The mother of all language games is “what is a woman?” This issue is mainly about something more profound than a semantic disagreement. There are many spaces that are segregated based on sex; we have women’s sports, shelters, prisons, parking places, gyms, sorority houses, colleges, clubs, changing rooms, bathrooms, awards, organizations, events, hygiene products, etc. People often argue that if transwomen are women, then women’s stuff is their stuff too. I doubt either party would be happy with a change in the language without a behavior change. If trans activists conceded that transwomen aren’t women, but women’s sports should now be transwomen and women’s sports, conservatives would not be satisfied. Likewise, trans activists wouldn’t be satisfied if conservatives conceded that transwomen were women but were a particular type of woman that shouldn’t do sports. They also wouldn’t be happy if conservatives started advocating for having “ciswomen’s sports.”

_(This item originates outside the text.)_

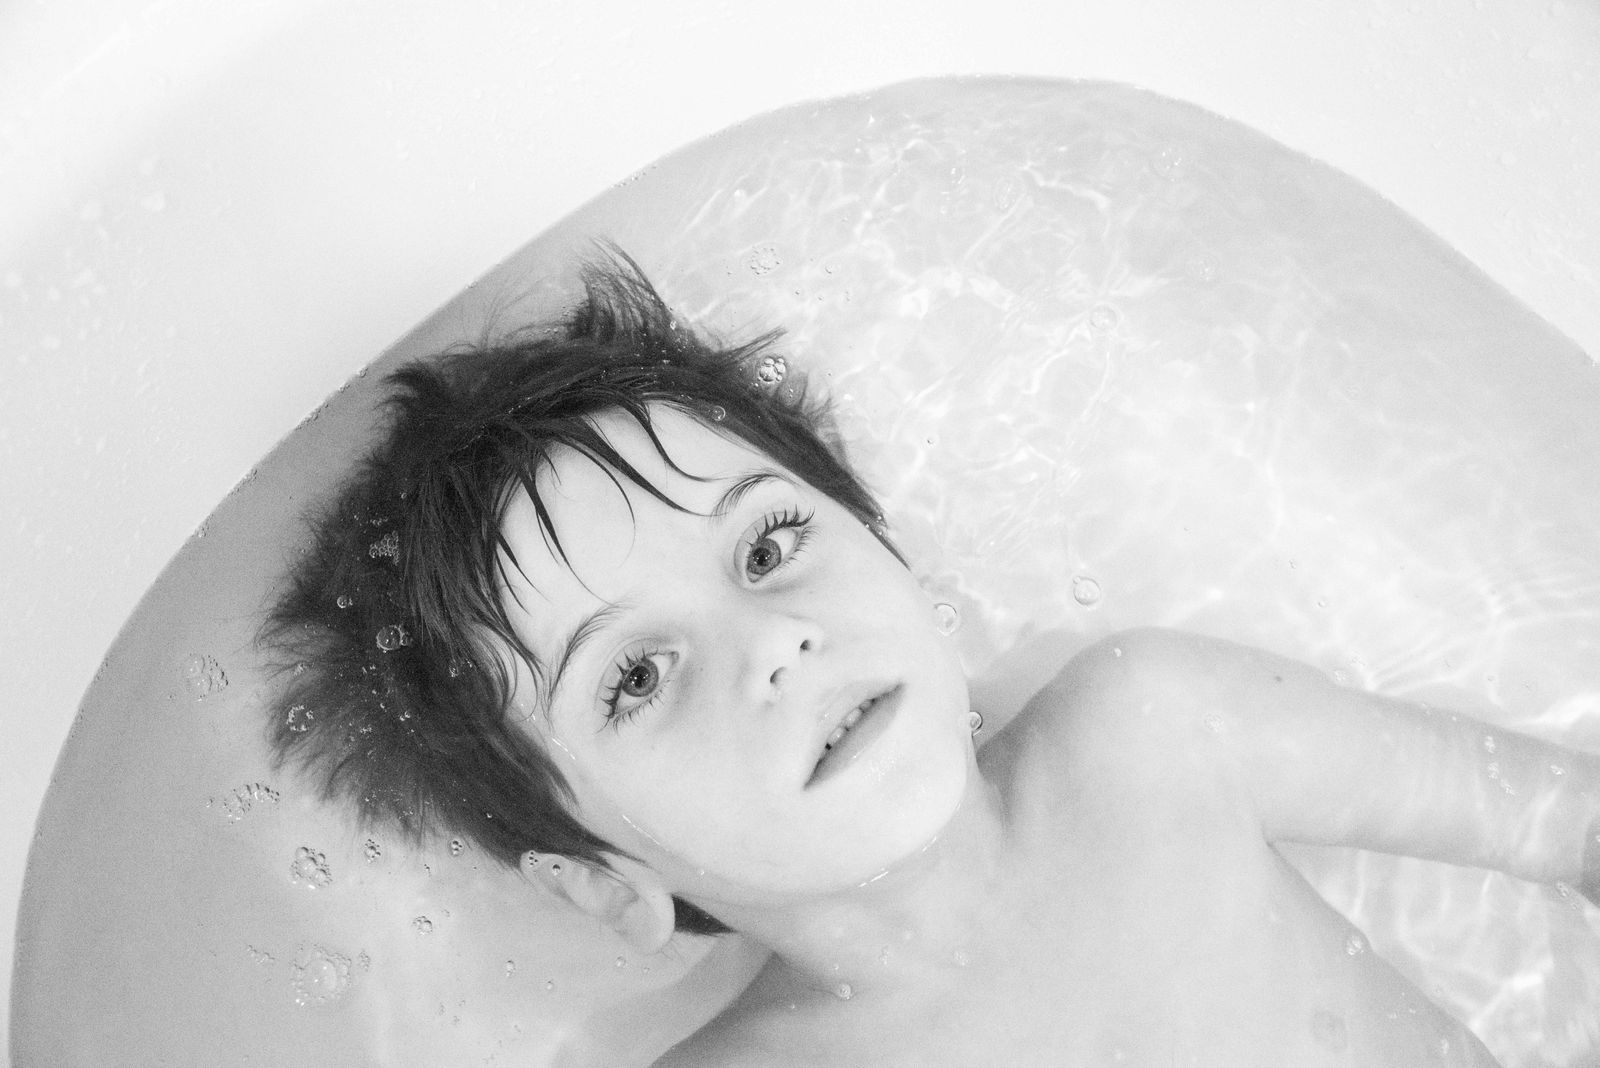 © Madelaine Ekserciyan - The last one to take the bath. He wanted to enjoy. Alone. In peace.

Conservatives saw supreme court candidate Ketanji Brown Jackson’s inability to answer “what is a woman?” as a win. On the other side, sometimes, the pro-trans side will feel they’ve garnered a victory when a conservative says that a woman is someone who can have children; “aha! some women are infertile.” The conservative can respond that they mean women with uteruses, but some ciswomen don’t have uteruses either. It’s all a bit tedious. The pro-trans side and anti-trans side will have conceived of a much better boilerplate response soon. There will be well-constructed but different definitions of what a woman is through enough iterations of the debate. One definition will include gamete production, and one will include identification with culturally typical behaviors. And yet, we won’t be further along on questions like how it is best to deal with inevitable tensions that arise when incorporating transwomen into what was previously exclusively ciswomen’s spaces.
Semantic debates can be interesting. But we ought to be careful to make sure we’re thinking about the relevant ethical or policy issues, rather than just something about the English language. Facts about the English language don’t tell us facts about the world or what’s ethical. It’s too easy to get hung up on this sort of discourse because many discussions about social justice revolve around categorizing certain beliefs and practices as racist, sexist, or transphobic. It would be much better if we abandoned these discussions and focused on the essential questions: is it true and is it ethical?
I try to keep out of culture-war debates in the public sphere, but this one in particular always bothers me. I recall hearing an acquaintance once say "economic oppression is a form of slavery"; that got on my nerves quite a lot. Why couldn't it just be said that "economic oppression is bad" and then we wouldn't have to redefine words. The whole thing reminds me of Lewis Carrol's Humpty Dumpty, who said "when I use a word, it means exactly what I want it to mean." But if we can't agree on a baseline definition of terms, it becomes increasingly difficulty to discuss anything at all - which, I fear, is what we are seeing in the current cultural moment. It is saddening that you had to write this essay, but thank you for doing so.